Where the line containing "Furuno RC-1500-1T manual" appears below, begin there and reproduce each line exactly through the last one, omitting pictures.

» **Available data**
===
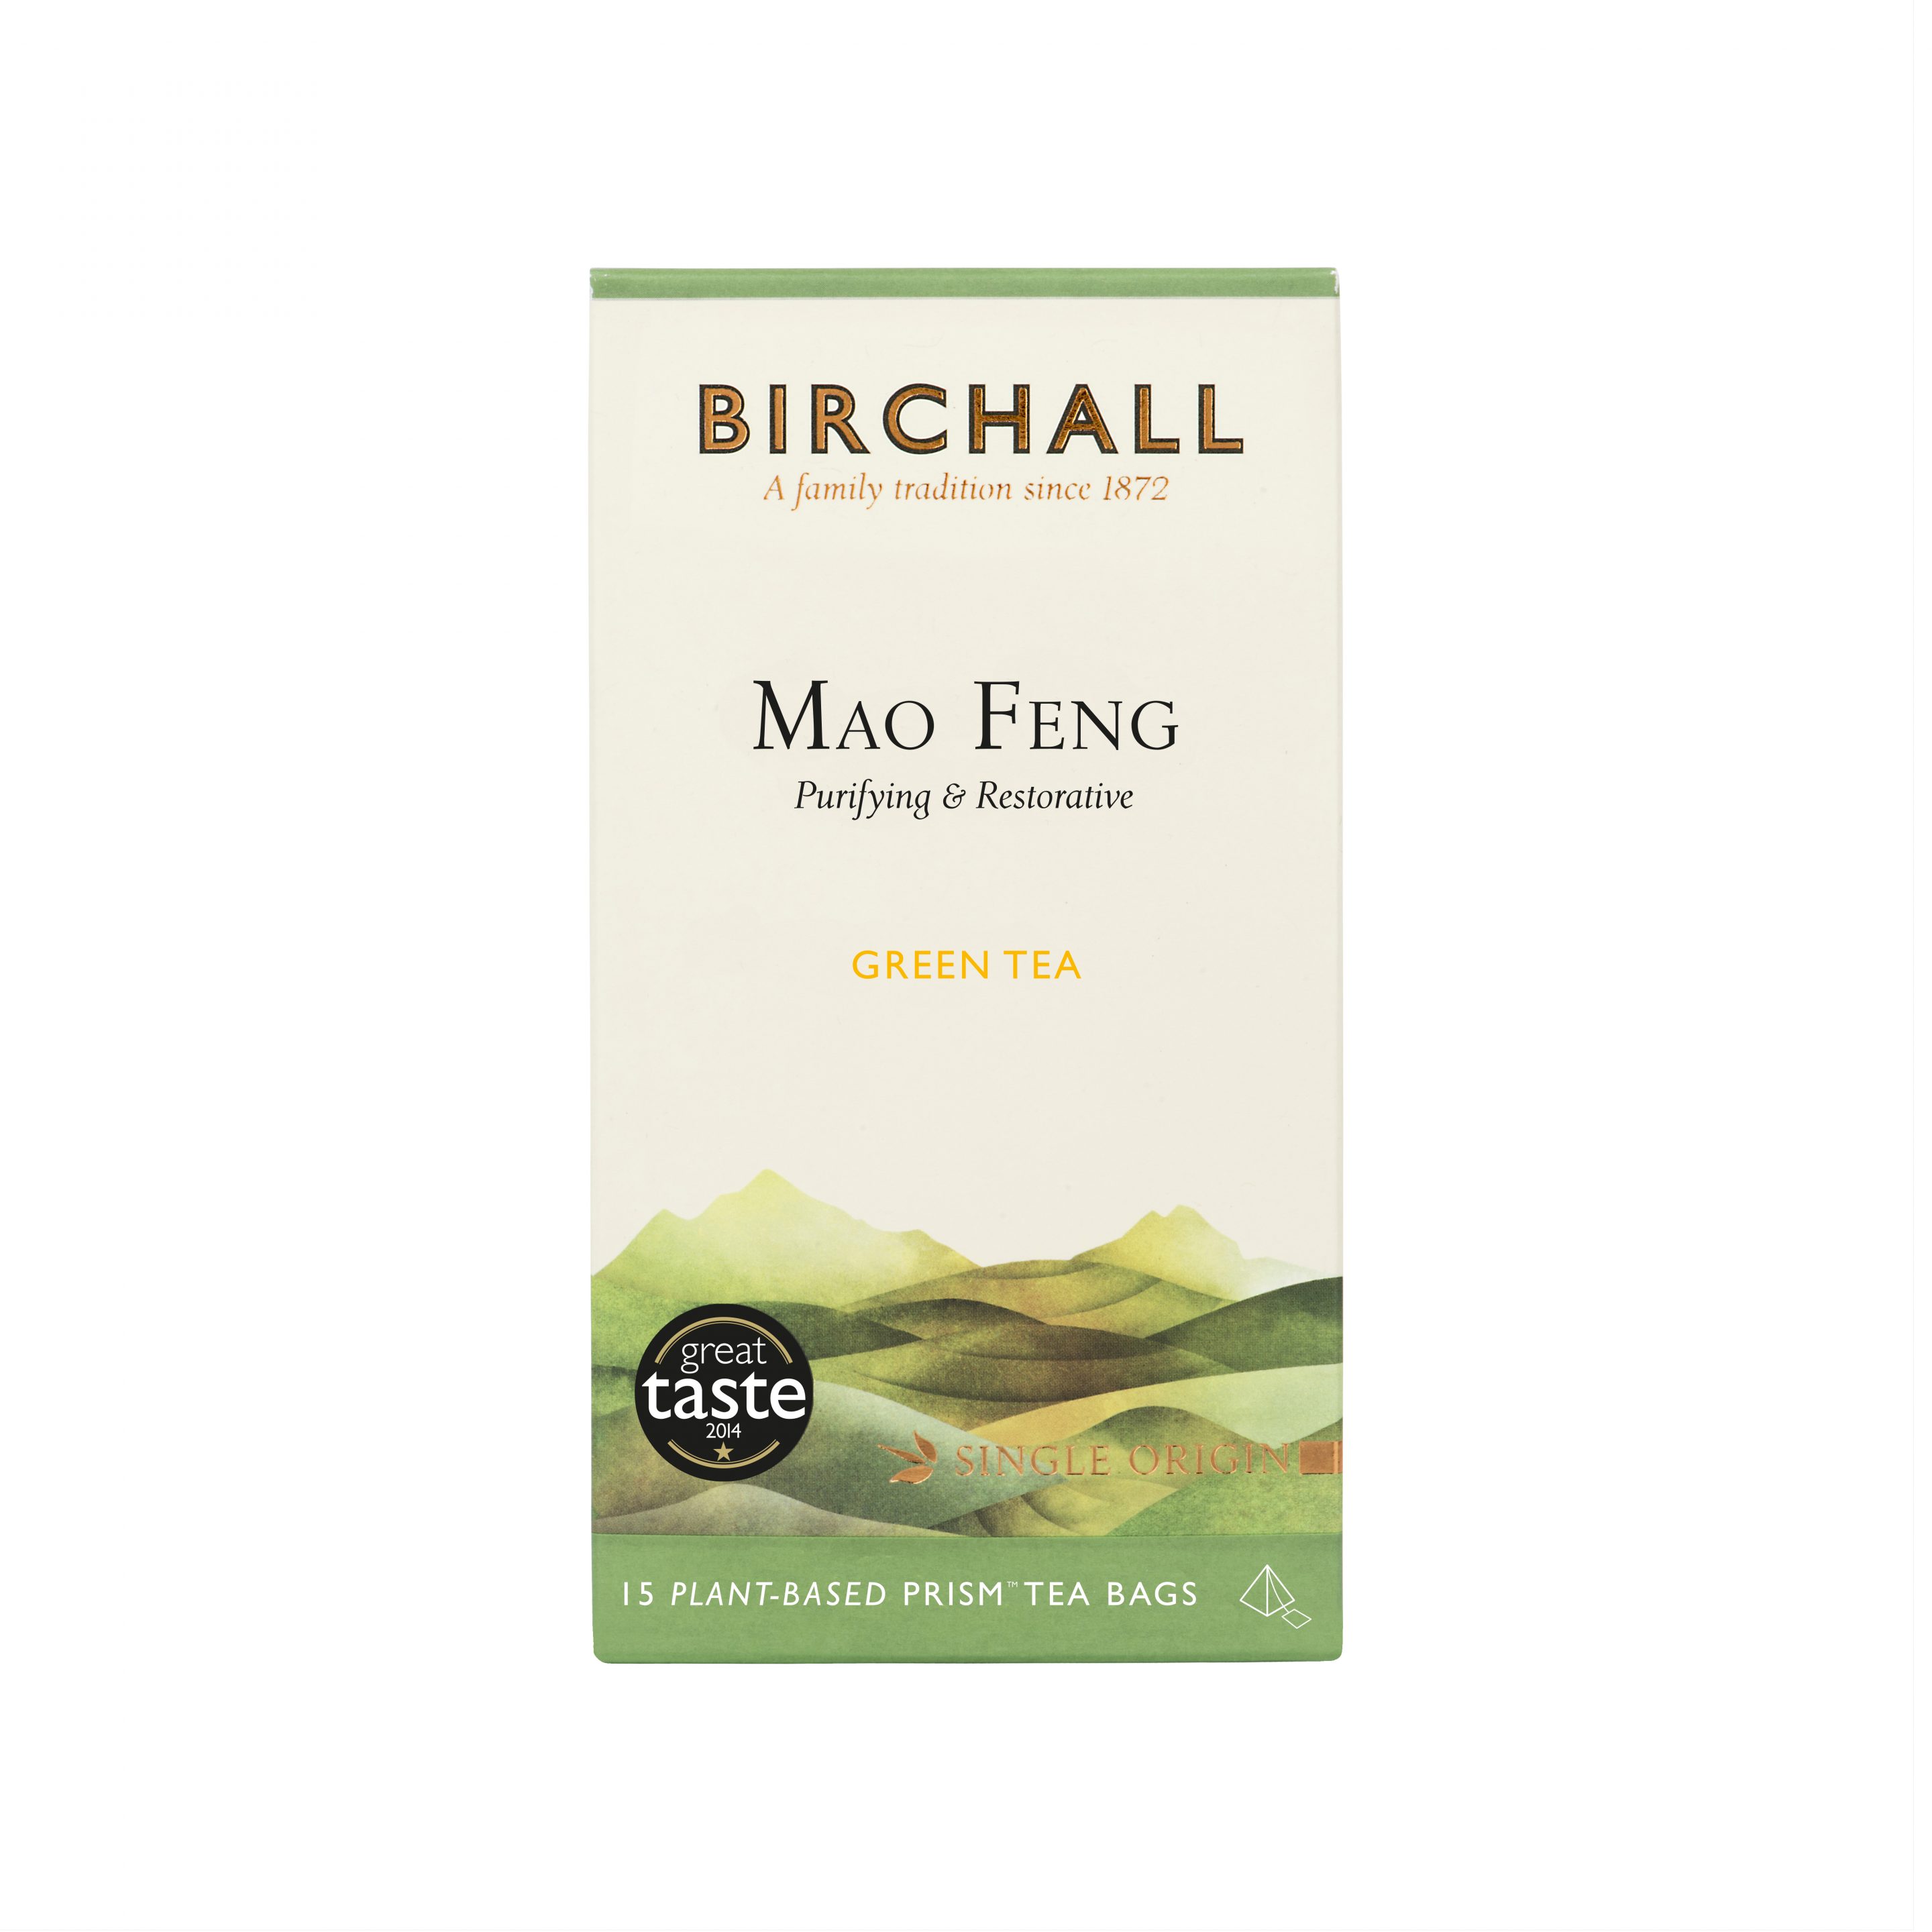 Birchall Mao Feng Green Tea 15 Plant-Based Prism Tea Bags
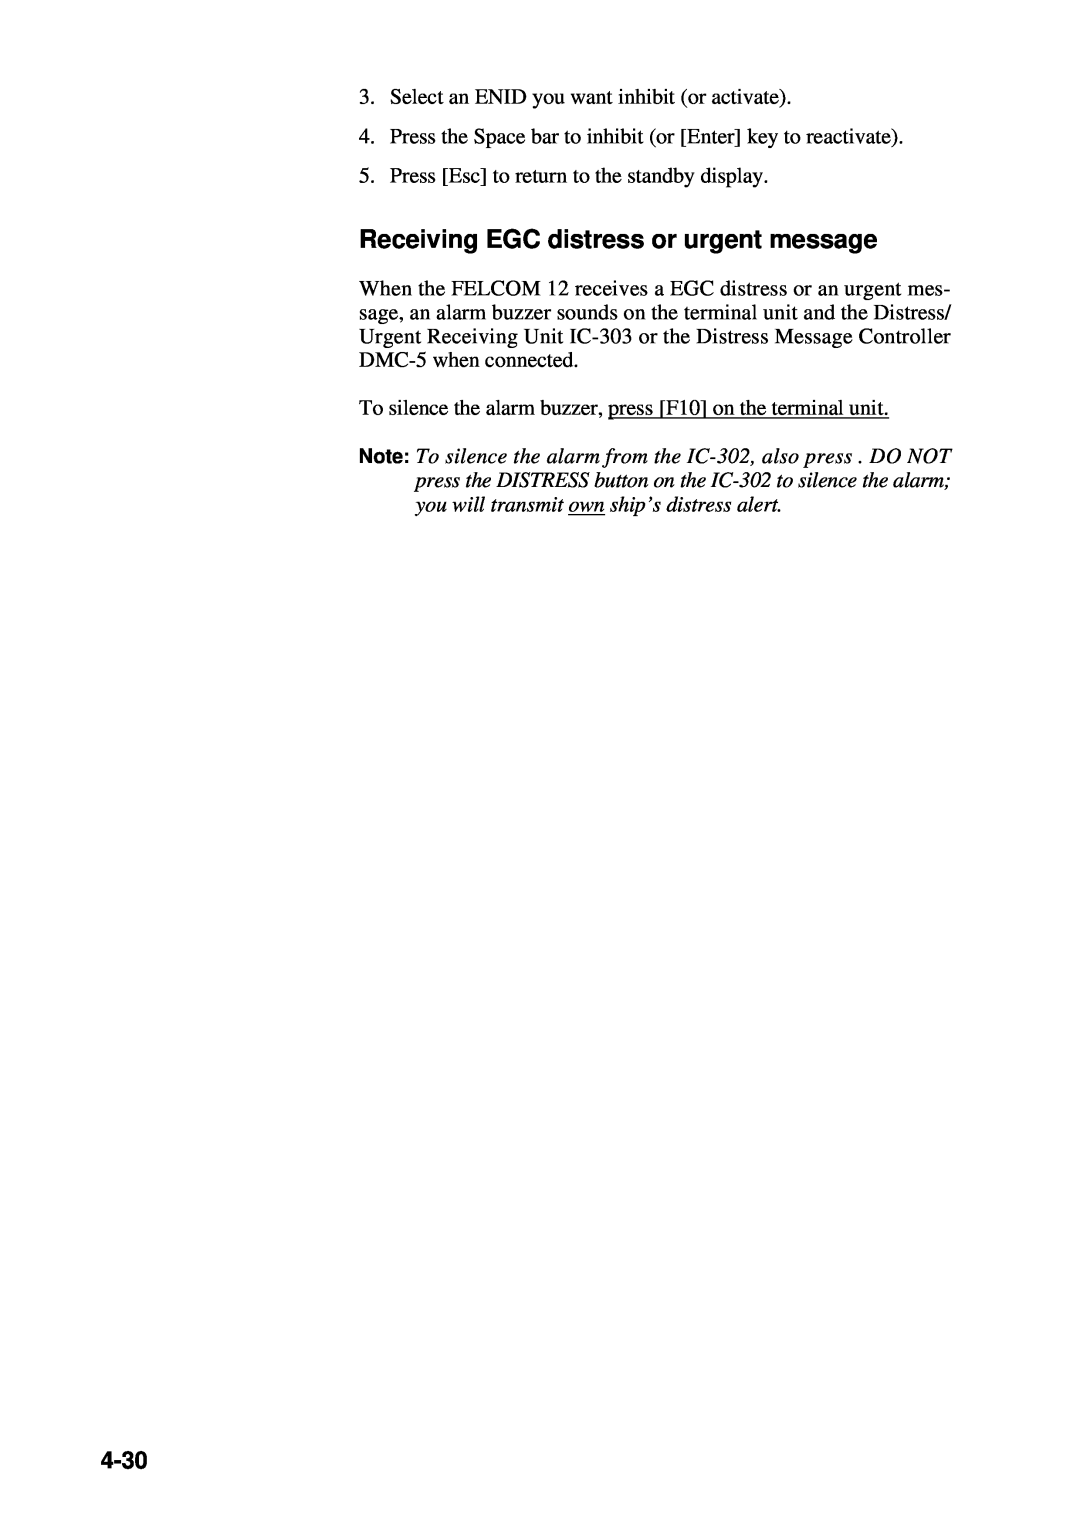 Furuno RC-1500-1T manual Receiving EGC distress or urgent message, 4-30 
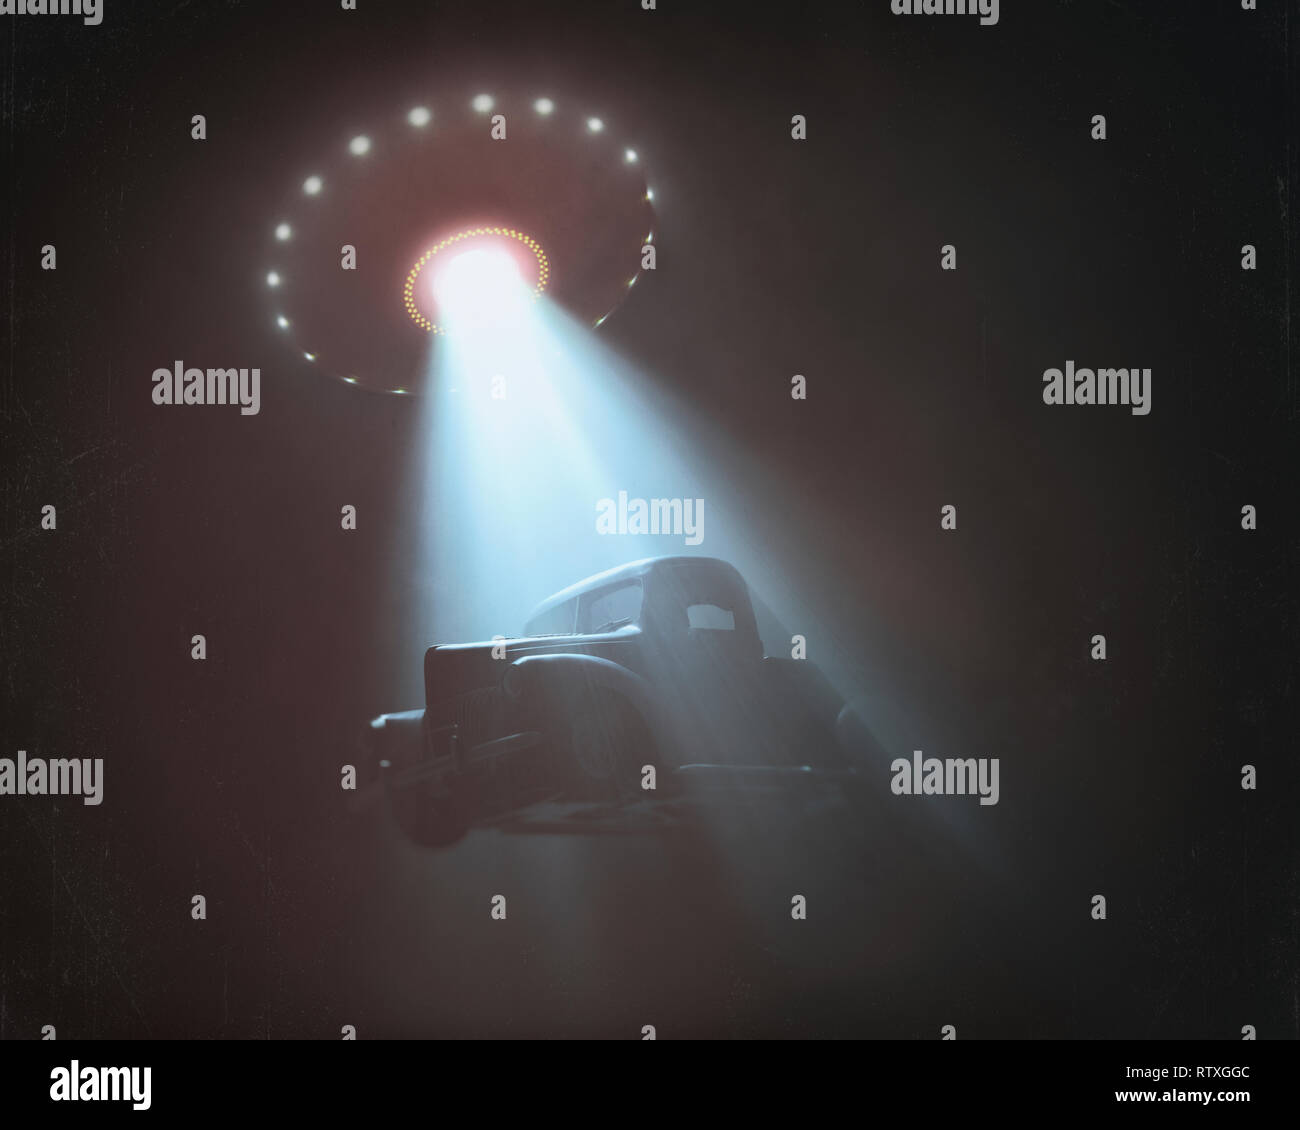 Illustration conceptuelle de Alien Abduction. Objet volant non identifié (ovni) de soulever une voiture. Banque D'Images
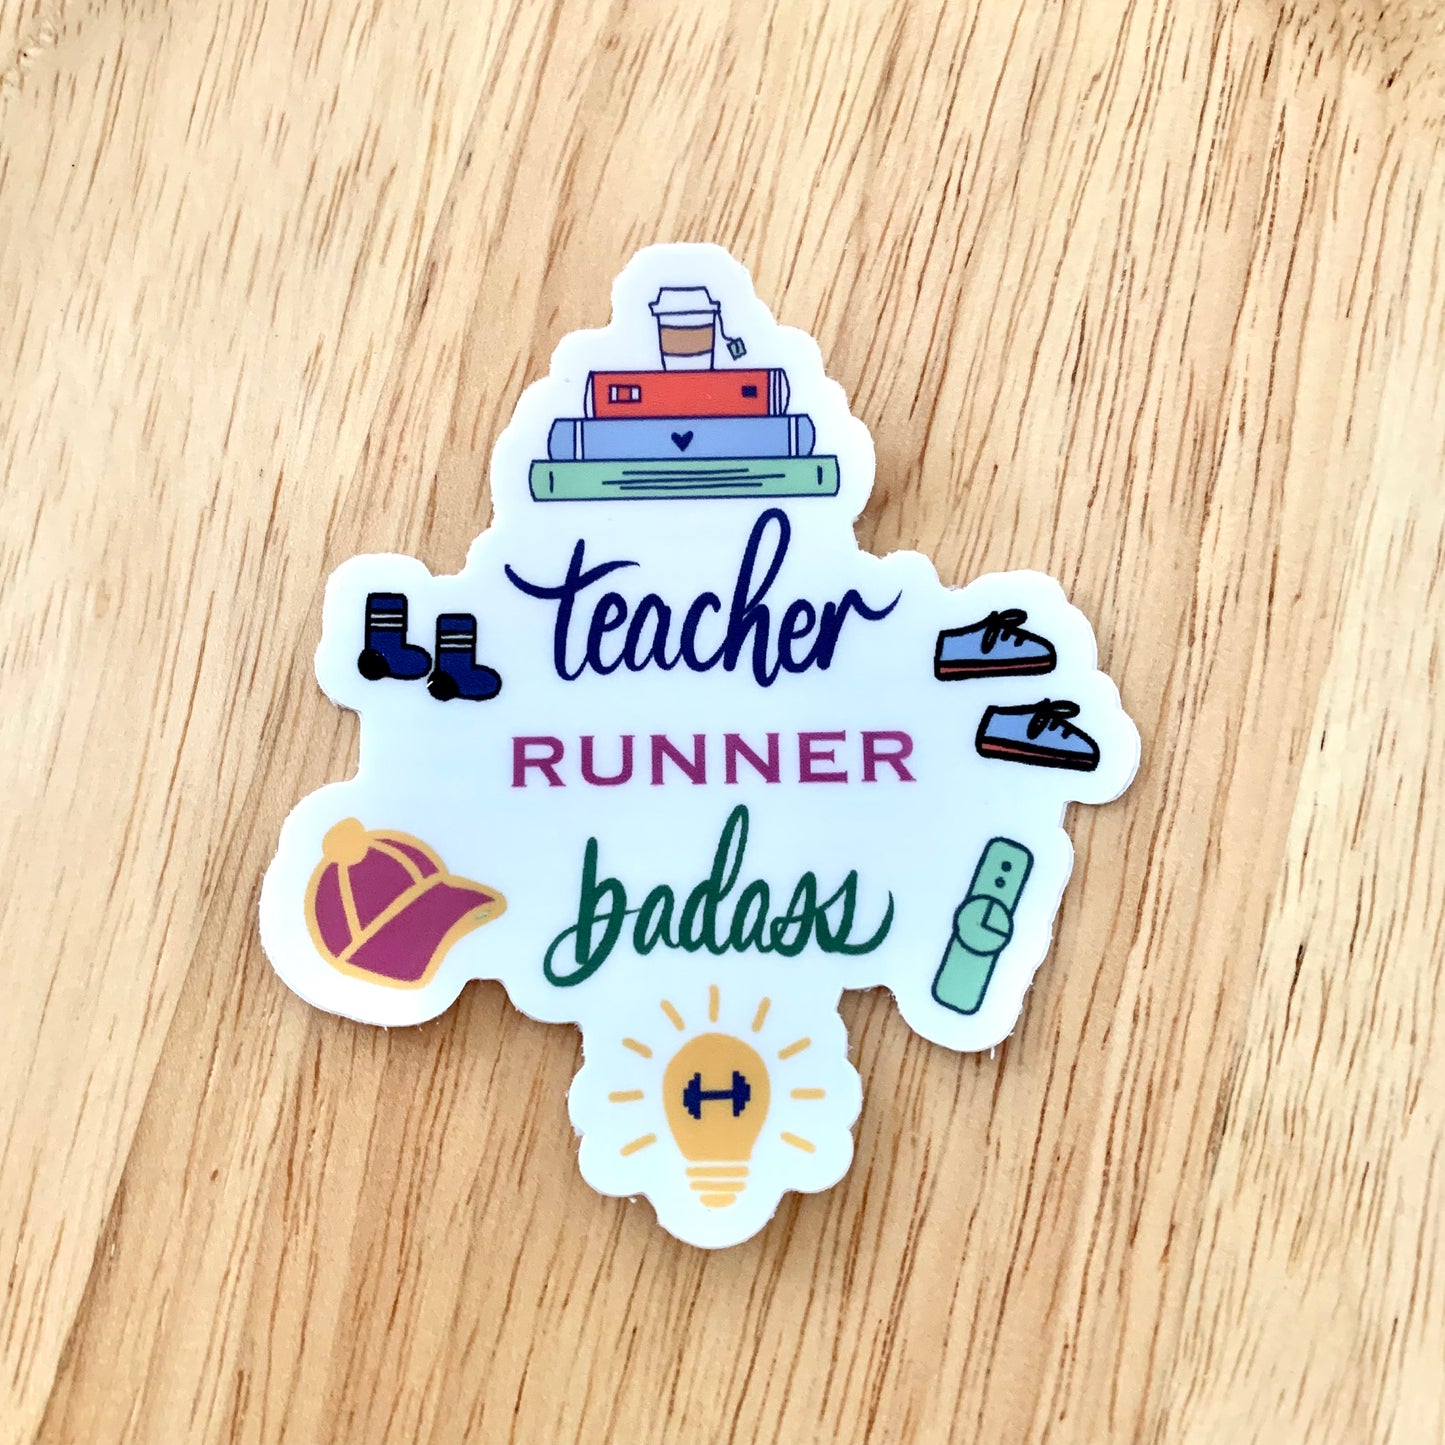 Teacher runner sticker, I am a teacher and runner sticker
===
» **Result**
 Furuno RC-1500-1T manual Receiving EGC distress or urgent message, 4-30 
 Illustration conceptuelle de Alien Abduction. Objet volant non identifié (ovni) de soulever une voiture. Banque D'Images
 Teacher runner sticker, I am a teacher and runner sticker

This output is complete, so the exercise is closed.